In 2014, the SFDA introduced the priority review pathway for human drug registration. The essence of this new route is to expedite the patient access to medications that treat life-threatening conditions, provide a substantial treatment option, or to offset a prolonged drug shortage in the Saudi market.
The drug application has to fall under one of the following four categories:
Treatment of serious or life-threatening conditions
ًThe priority review scope in this category only covers a specific definition of serious diseases. In addition, the treatment has to be with special criteria. Therefore, we can say that not all serious diseases can be considered here nor all the drugs indicated for them.
Therefore, there are two main conditions to meet in this category, one is related to the definition of “serious disease” and the other is related to how the drug “treats” it:
Accepted serious diseases or conditions are those:
- Associated with morbidity that results in a substantial impact on daily functioning.
- Moreover, it needs to be irreversible morbidity and persistent or recurrent.
Hence, the SFDA will not accept a priority review request for drugs that are not affecting daily functioning or with morbidity that is self-limiting or short-lived.
If your drug addresses a disease with such definition, then you can proceed to confirm the second condition:
Treating a serious aspect of the serious condition
Simply put, a drug can’t be just “used” in patients with a serious condition to be accepted for a priority review.

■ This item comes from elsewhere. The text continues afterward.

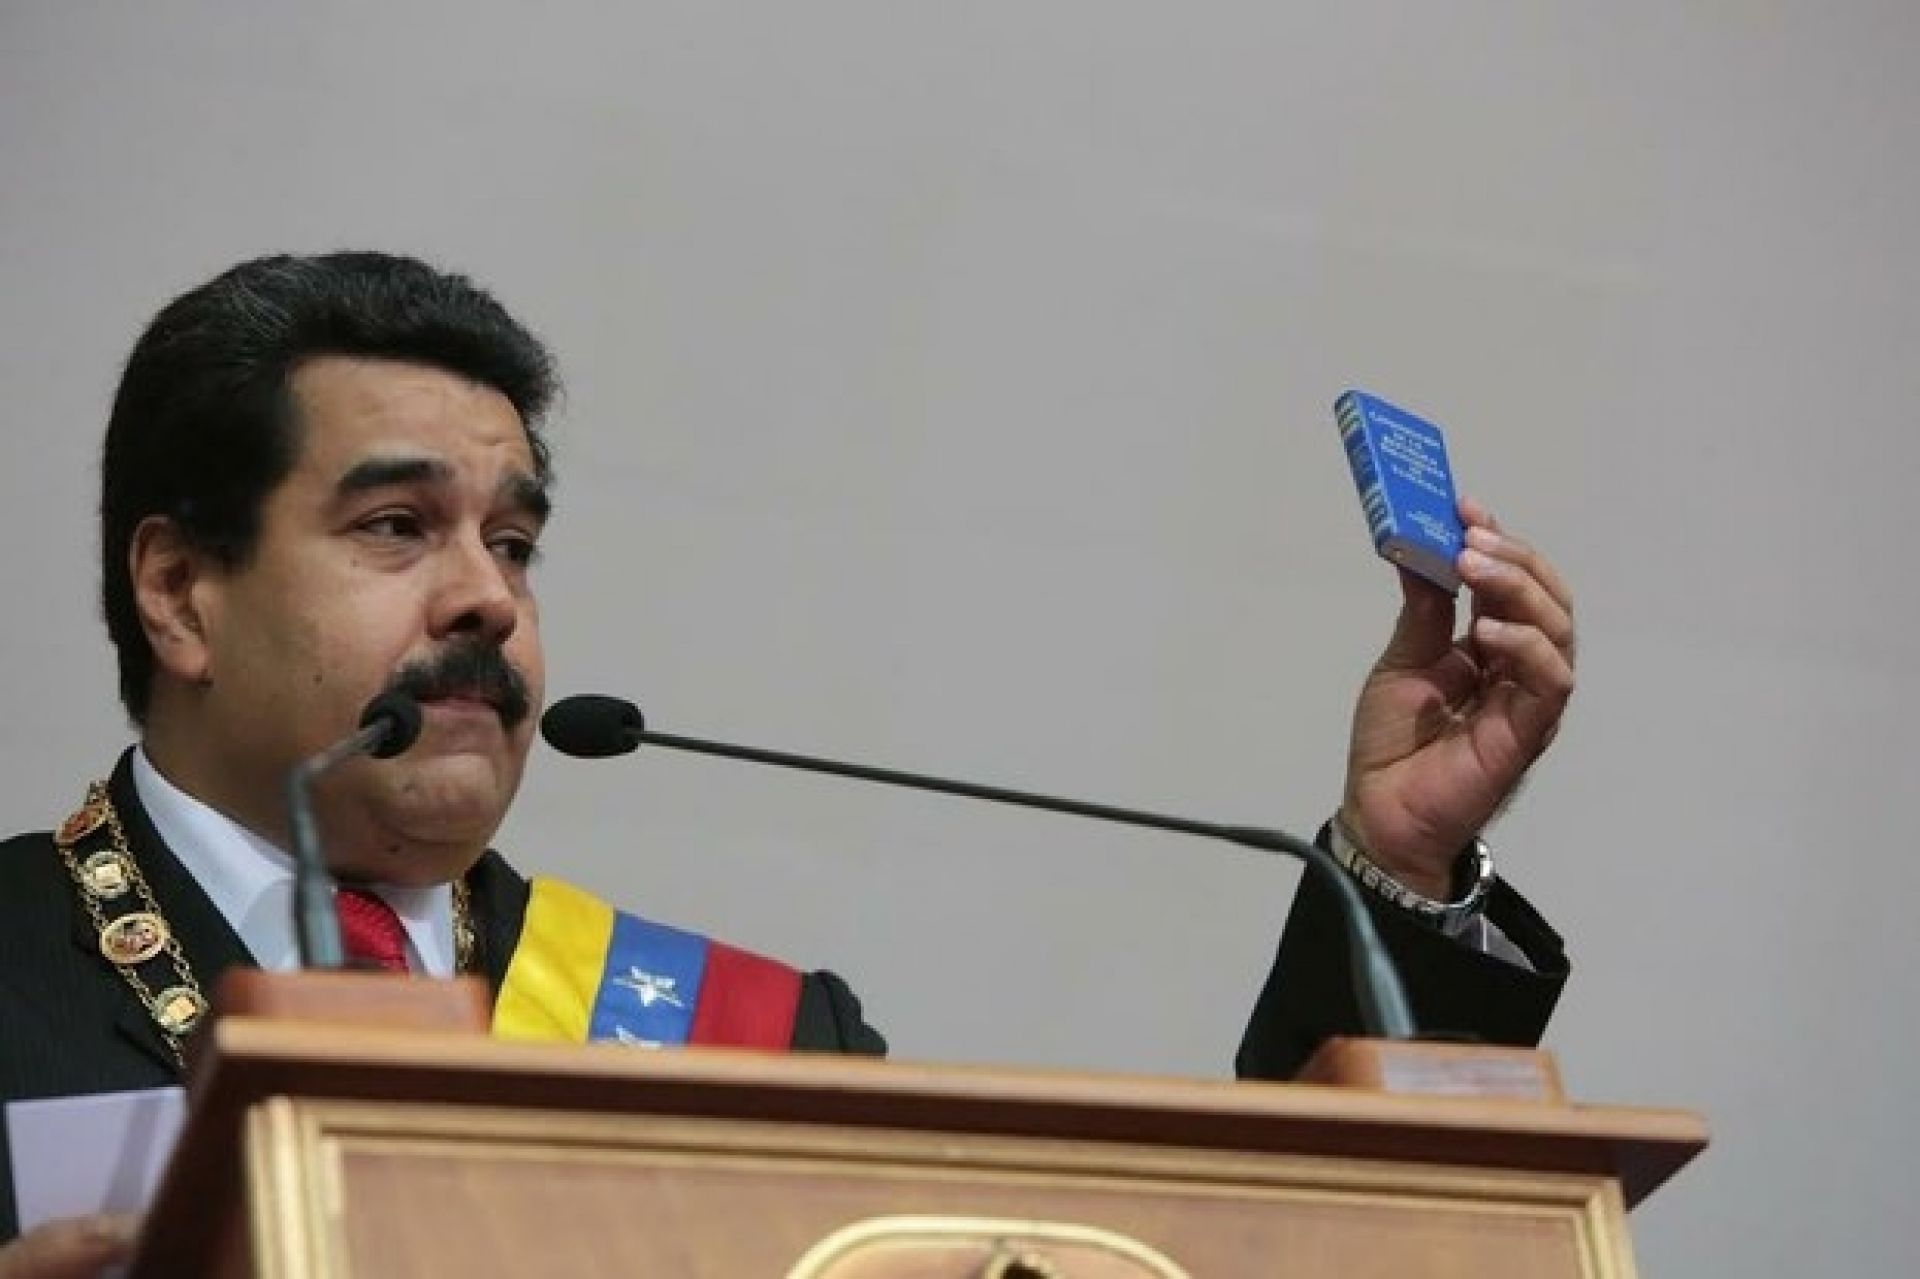 La risposta di Maduro alla crisi in Venezuela

In fact, it must demonstrate efficacy in the treatment of a serious aspect of the serious condition.
To clarify this point, below are a few examples of the serious aspects that should be treated or intended for (as suggested by SFDA):
- Have an effect on a serious manifestation or symptom of the condition.
- Able to improve diagnosis or detection of the condition.
- Able to prevent a serious manifestation.
- Able to prevent a condition with possible serious consequences.
- Able to improve or prevent a serious side effect of therapy of a condition.
- Able to treat a condition while avoiding known serious side effects of current treatment, providing that:
- Current therapy is commonly used in spite of the unavoidable side effects.
- Side effects are a significant public health issue.
- New therapy reflects a significant potential to improve overall safety profile with at least similar efficacy.
The drug addresses an unmet medical need
Under this category, the SFDA will assess the application eligibility in two aspects:
- The drug is developed to address an unmet medical need.
- It demonstrated potential through clinical data.
Here is more clarification on these two evaluation aspects:
Is it an “unmet” medical need?
The unmet medical need is the medical need that is not addressed adequately by any existing therapy. If there is absolutely no available therapy for a serious condition, then it is clearly an unmet medical need.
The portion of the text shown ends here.